In a recent Bloomberg BusinessWeek piece entitled, “Has CNN’s All-News Strategy Become Old News?,” Alex Sherman writes about the cable networks’ reliance on “the story” to drive its audiences, unlike other networks that balance breaking news with opinions and personalities.  Phil Grffin, president of MSNBC, observed:

“CNN is the place for breaking news.  Unfortunately you become totally dependent upon it.”

Then this week’s announcement about J.C. Penney’s disappointing first quarter results, CEO Ron Johnson, explained “Our No. 1 issue is traffic.” Acknowledging the transition to “Fair and Square” pricing was tougher and taking longer than they had estimated, WSJ/Market Watch’s Andria Cheng reported. Johnson said:

“Coupon is a drug…We got to learn to drive traffic in different ways.”

Both of these laments are commonplace among organizations that rely on a single lever to drive traffic – news in CNN’s case, deals in J.C. Penney’s.  For other companies it’s new products, advertising campaigns, sales incentives, or external factors like school schedules or holidays.

Such reliance is like an addiction, producing high highs (sharp sales spikes) and low lows (deep sales valleys.)  And like addictions, the consequences of such volatility are far reaching, wreaking havoc on supply chain and staffing, and trying shareholder patience.
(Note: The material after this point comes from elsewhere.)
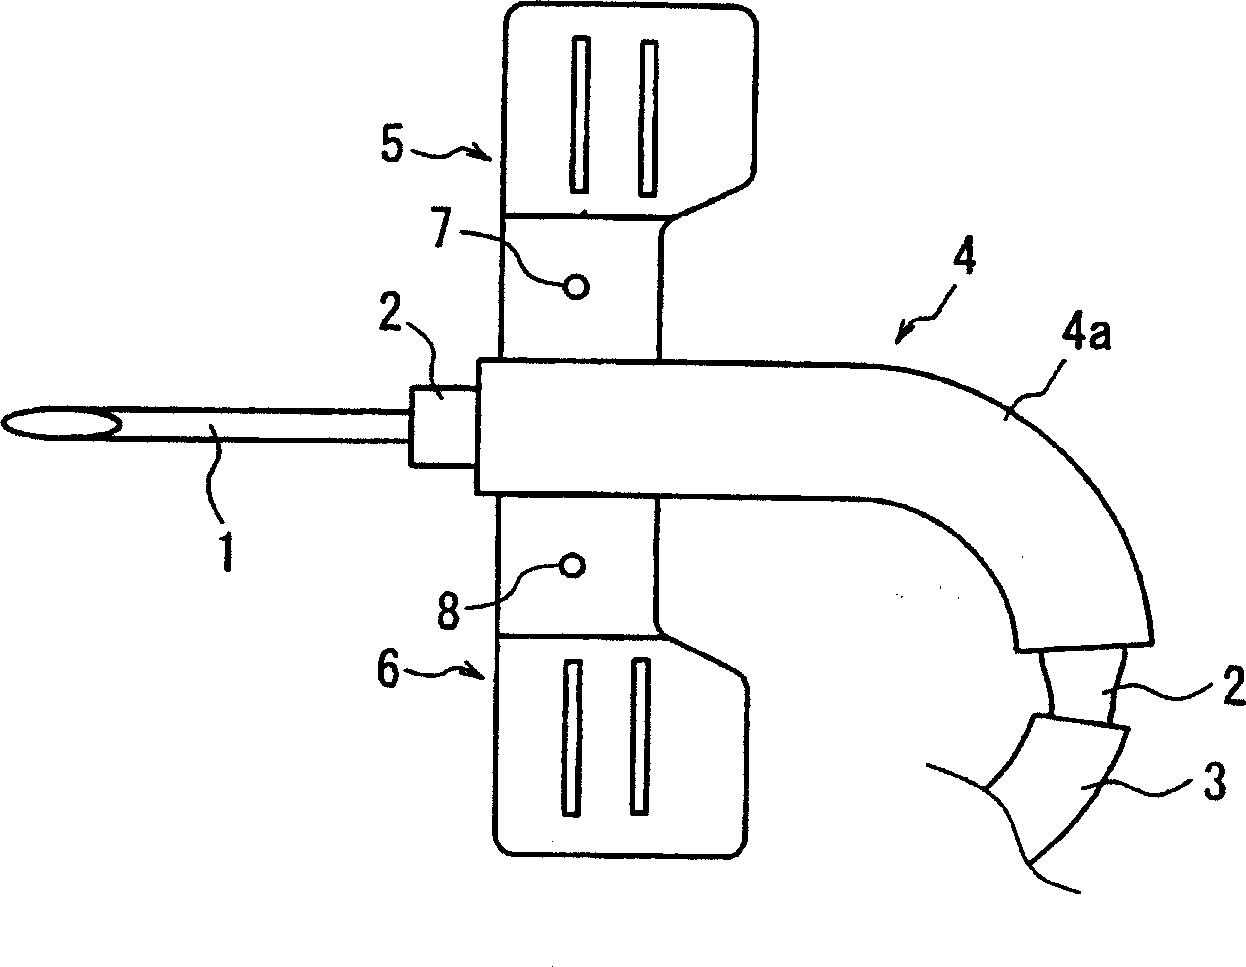 Medical needle device having shield with wings
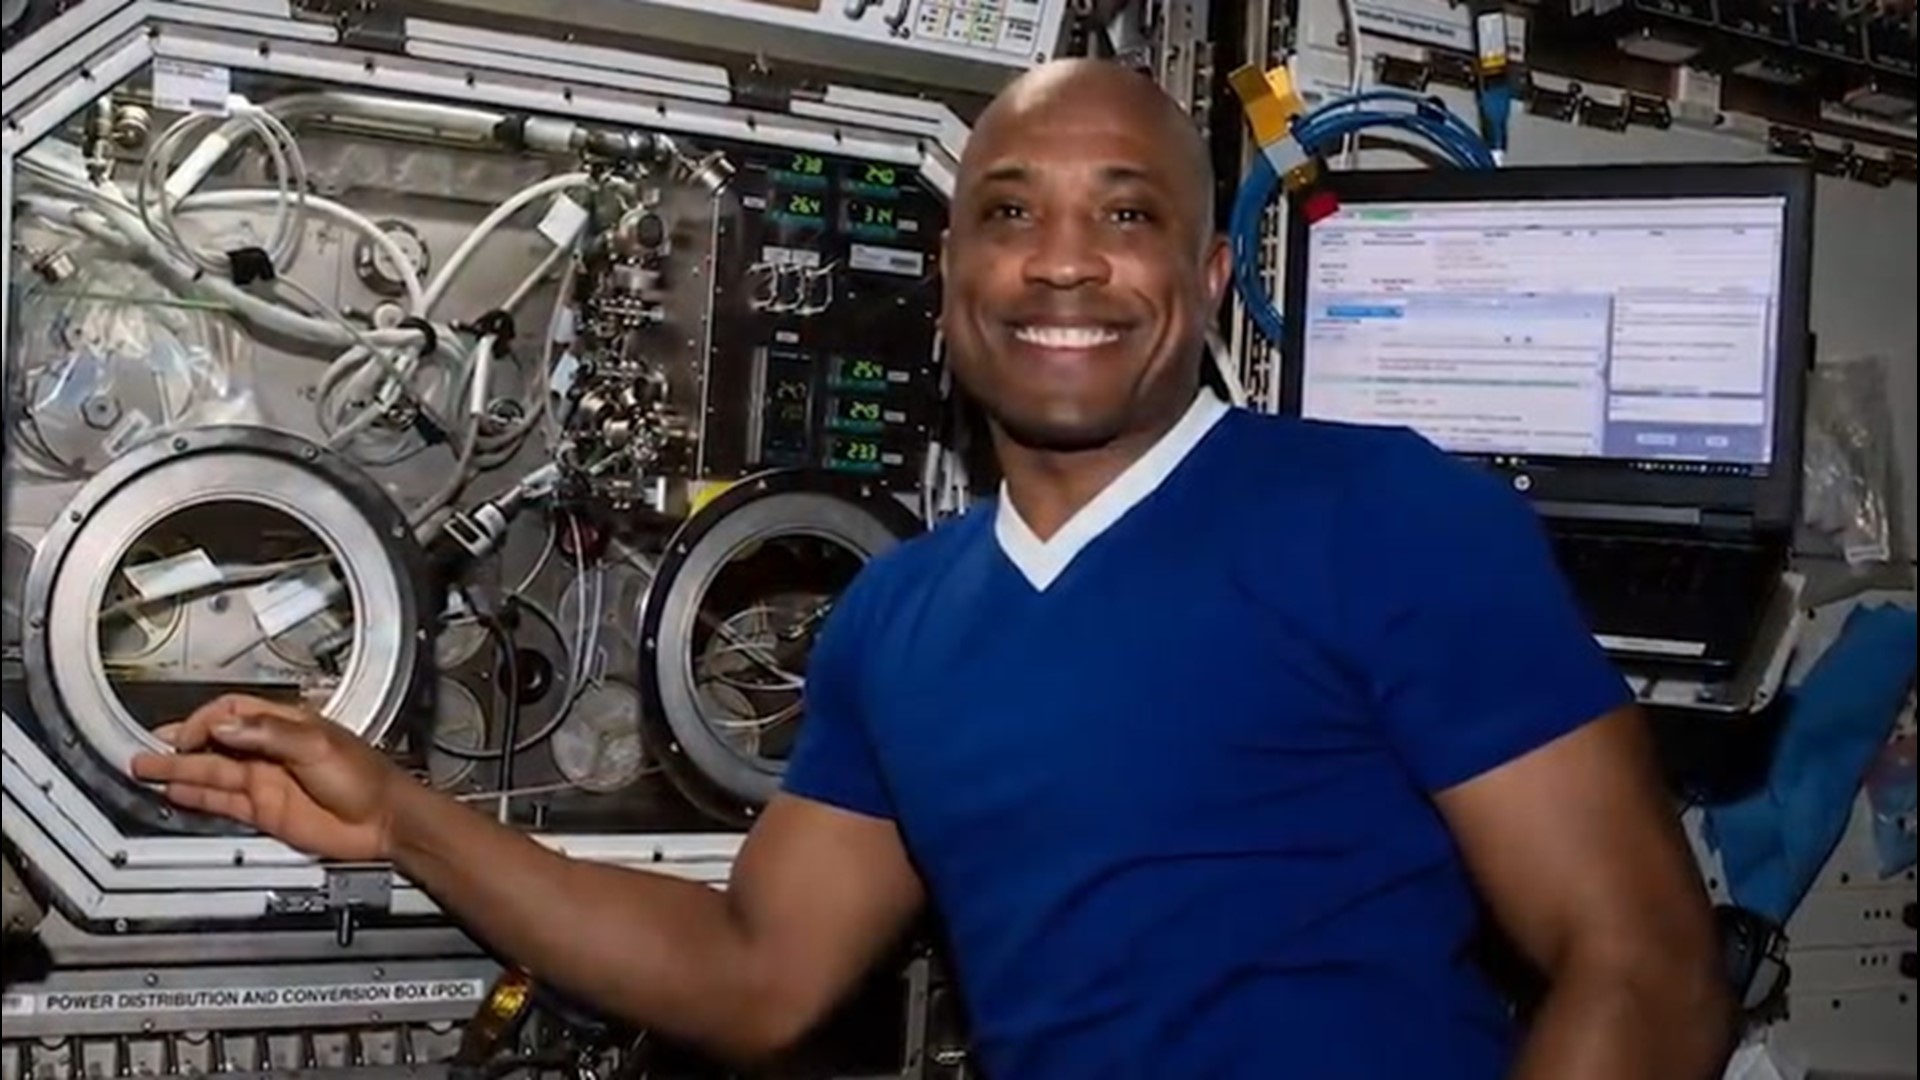 In recognition of Black History Month, Astronaut Victor Glover spoke with Vice President Kamala Harris about his achievements aboard the International Space Station and the next steps in his career.

A strong brand can offset dramatic swings by sustaining consistent purchase consideration levels.  Just look at Apple stores – consumers pack those houses day in and day out.  Certainly lines form and sales jump when a new product is released and stores are more crowded during holiday season, but the company isn’t dependent upon news or any other single lever to drive traffic.  Instead, the brand has formed such a rich bond with customers that they will make a visit just to soak in the brand experience. For companies like Apple, their brand is their drug – it’s one addiction that’s actually desirable (well, that and chocolate!)